How is Performance measured in Jurnii UX
Our methodology for Performance scoring.
Written By Fraser Dunk
Last updated About 2 months ago
Overview
Jurnii UX measures performance as a relative benchmark across your competitive set, not as a direct reflection of real user (field) experience. The performance category equates to 20% of your Jurnii score.

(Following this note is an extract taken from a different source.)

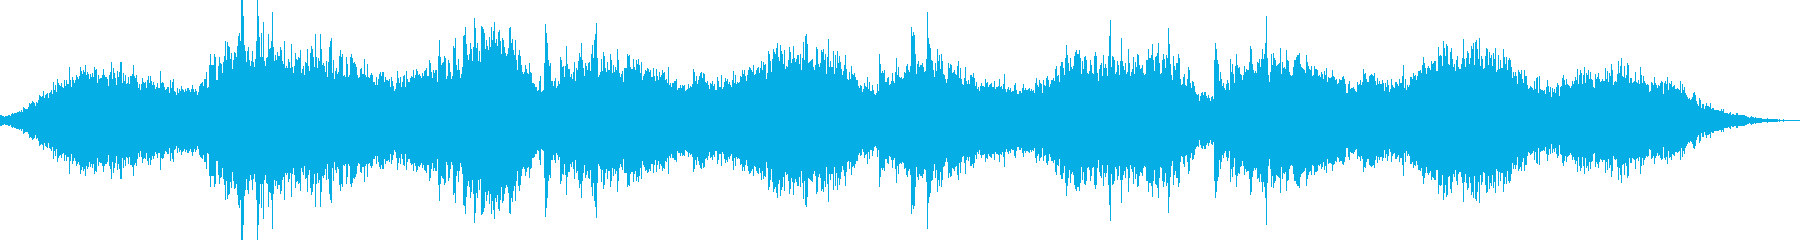 エレクトロニック サスペンス 環境...の再生済みの波形

We’re deliberately transparent about this:
Performance in Jurnii is designed to answer “how do you compare vs your competitors?”, not “what exact experience is every user having?”
Why Jurnii Uses Lab Data (Not Field Data)
Performance data typically comes in two forms:
Field data (e.g. CrUX / real user metrics)
Lab data (controlled, simulated testing environments)
Jurnii uses lab data, and this is a structural decision.
The Limitation of Field Data
Field data (such as Chrome UX Report / Origin data) is:
Aggregated at the domain level
Not available at page or journey step level
This means:
You cannot isolate performance for specific flows like Registration or Deposit
It blends all pages into a single average
Since Jurnii focuses on journey-step-level analysis, field data cannot provide the required level of granularity.
How Jurnii Measures Performance
1. Journey Step-Level Testing
Each step in a journey (e.g. Registration page, Deposit page) is tested individually.
This allows us to:
Compare like-for-like pages across competitors
Identify where performance issues exist within key conversion flows
2. Lighthouse-Based Lab Testing
We use Lighthouse in a controlled lab environment to generate performance scores.
Testing conditions are standardised to ensure fairness:
Mobile testing
Device: iPhone 13 Pro (emulated)
Network: Simulated Slow 4G
CPU: 4× slowdown
Desktop testing
Resolution: 1920×1080
Network: Simulated cable connection
CPU: Standardised environment
This setup simulates a realistic mid-tier user experience, rather than ideal conditions.
3. Controlled Benchmarking Environment
Every brand in your competitive set is tested under:
The same environment
The same throttling conditions
The same testing window
This is critical.
Even if absolute scores may differ from real-world user data in specific regions or conditions:
The relative performance gap between brands is consistent, fair, and meaningful
Interpreting Performance Scores
Performance scores in Jurnii should be viewed as:
Comparative, not absolute
Directional, not exact real-user replication
Indicative of competitive gaps, not standalone truth
Scores may be more volatile than other categories due to:
Dynamic content
Third-party scripts
Infrastructure variability
That’s expected — and accounted for in how results are interpreted.
Accessibility Considerations
Alongside performance, Jurnii also evaluates accessibility factors, including:
Colour contrast issues (aligned with WCAG standards)
Missing or incorrect ARIA labels
Other usability-impacting accessibility gaps
These are benchmarked in the same way:
Against your competitors
Highlighting opportunities to outperform the market
Why This Approach Matters
If we relied purely on field data:
You’d get accurate averages, but no actionable insight at journey level
By using lab data:
You get step-level visibility
You can pinpoint exactly where performance impacts conversion
You can clearly see where competitors outperform you
Key Takeaway
Jurnii UX performance analysis is built for competitive benchmarking at journey level.
It doesn’t try to replace your existing tools — instead, it complements them by answering a different, more strategic question:
“Where are we slower than our competitors in the moments that actually matter?”